- _Action item_
Here the job is to copy the data exactly and to exclude every image from it.

- _Dataset excerpt_
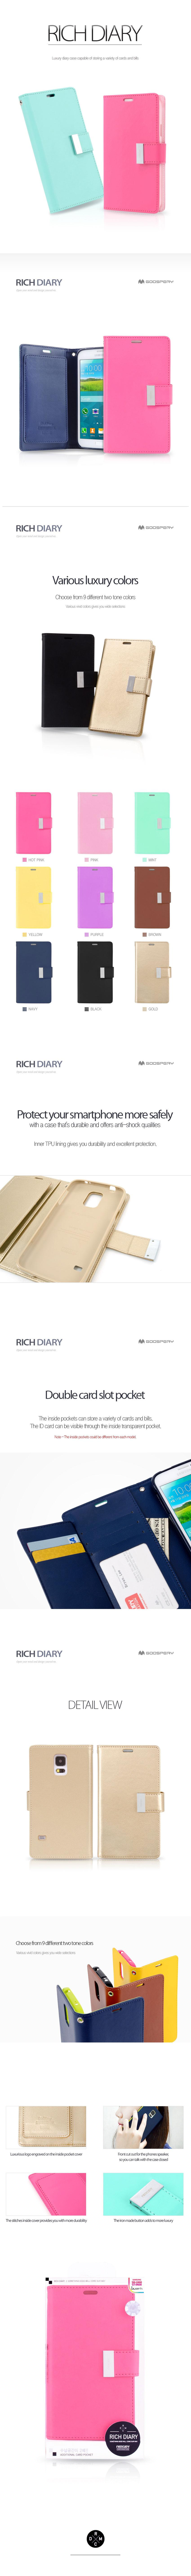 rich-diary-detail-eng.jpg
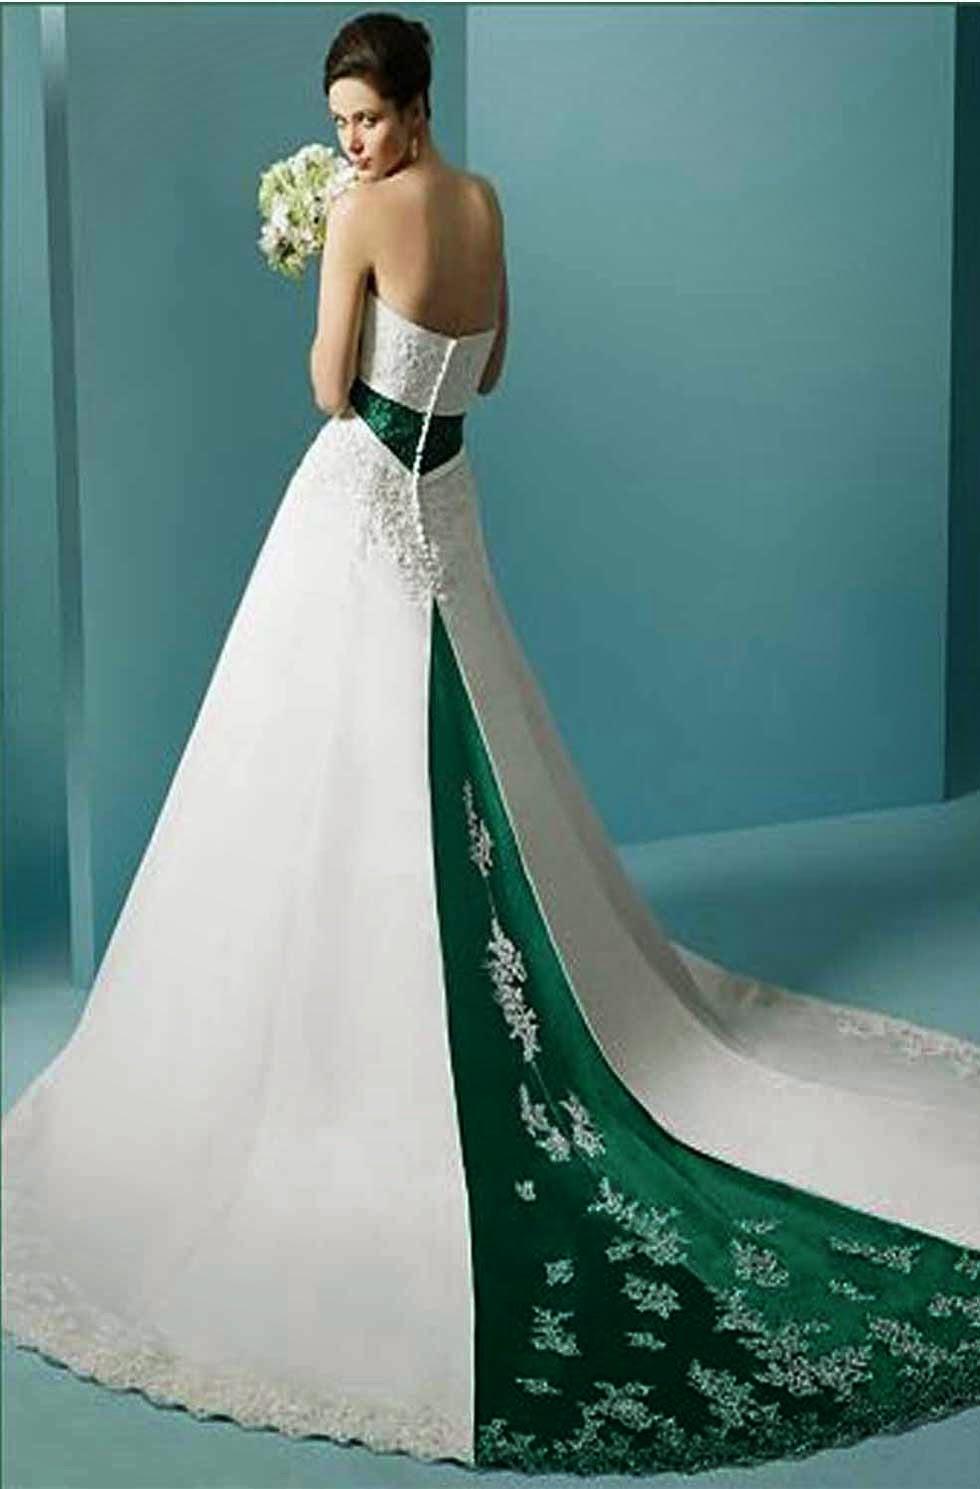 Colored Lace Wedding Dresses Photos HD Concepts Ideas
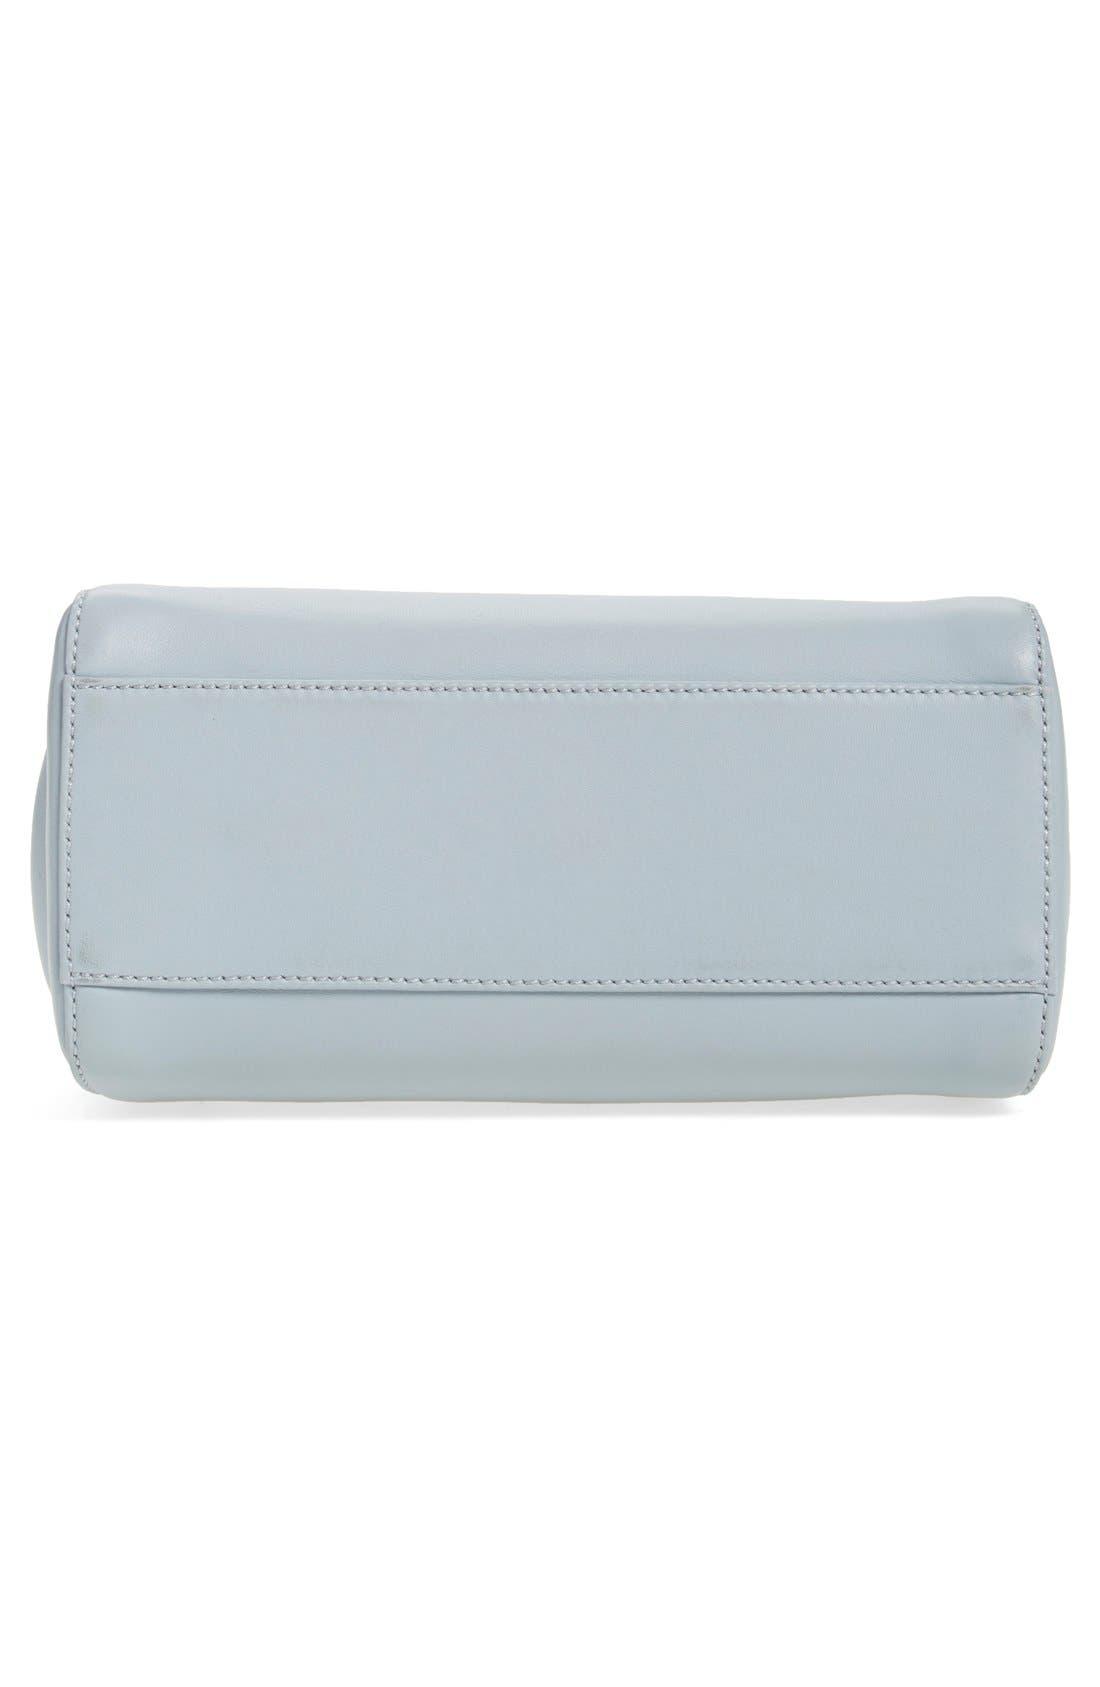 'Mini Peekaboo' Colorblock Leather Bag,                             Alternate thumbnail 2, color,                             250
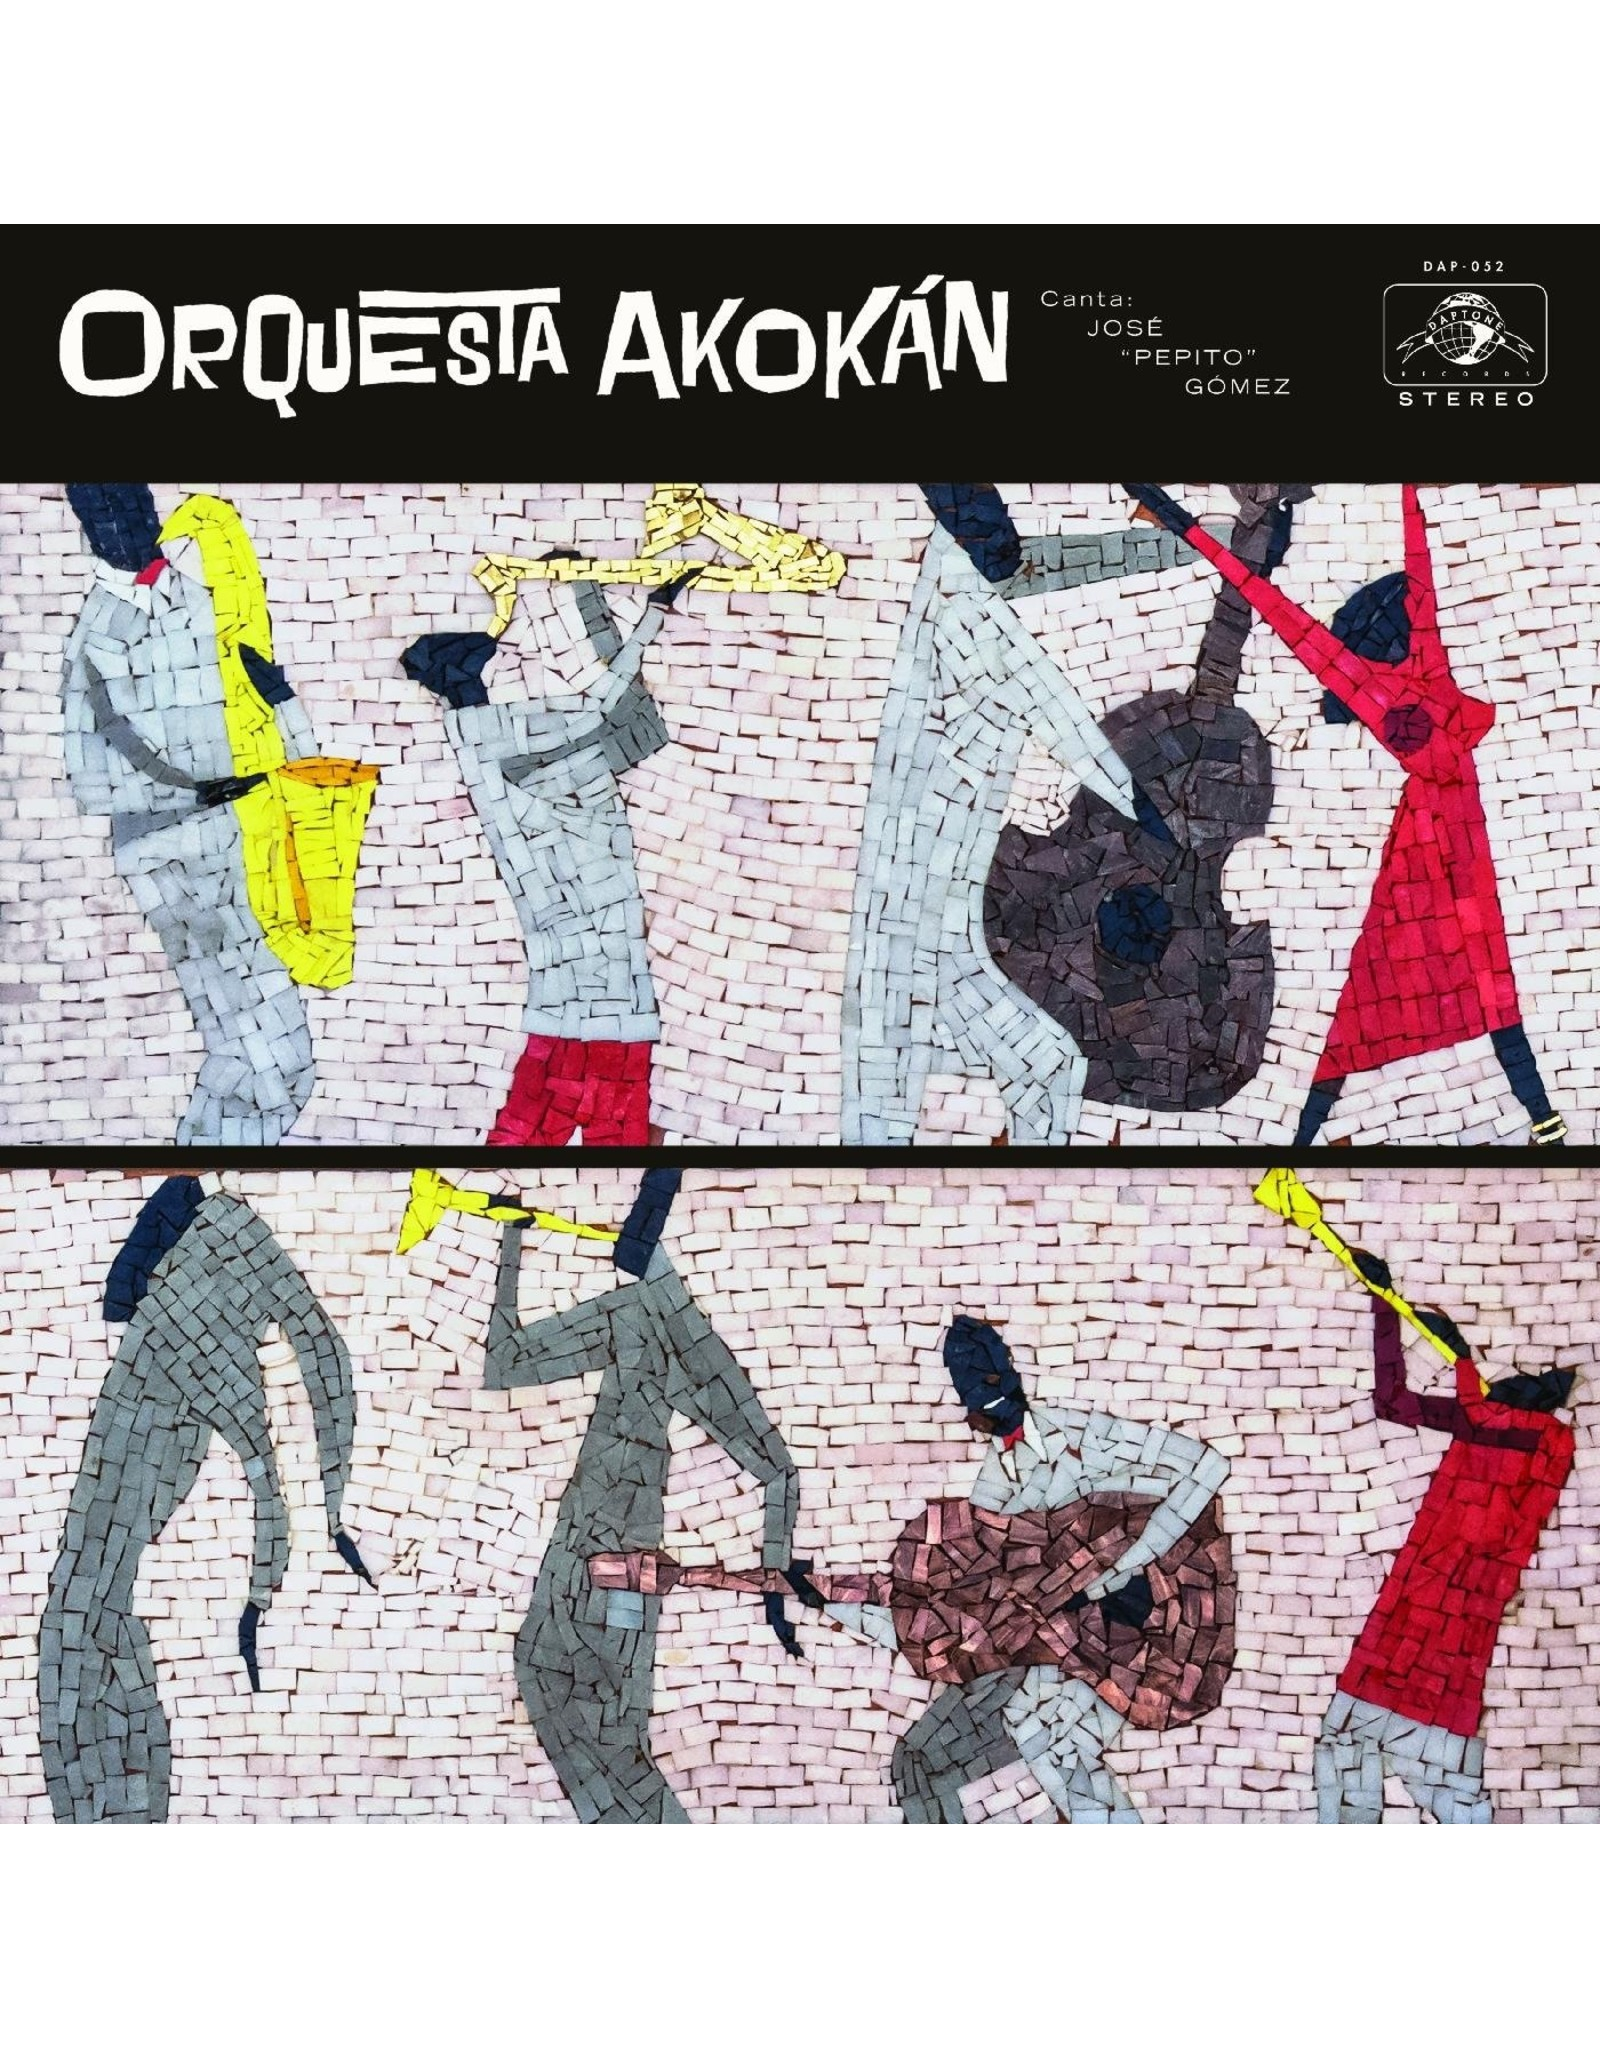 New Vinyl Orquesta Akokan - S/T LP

- _Final answer_
 rich-diary-detail-eng.jpg
 Colored Lace Wedding Dresses Photos HD Concepts Ideas
 'Mini Peekaboo' Colorblock Leather Bag,                             Alternate thumbnail 2, color,                             250
 New Vinyl Orquesta Akokan - S/T LP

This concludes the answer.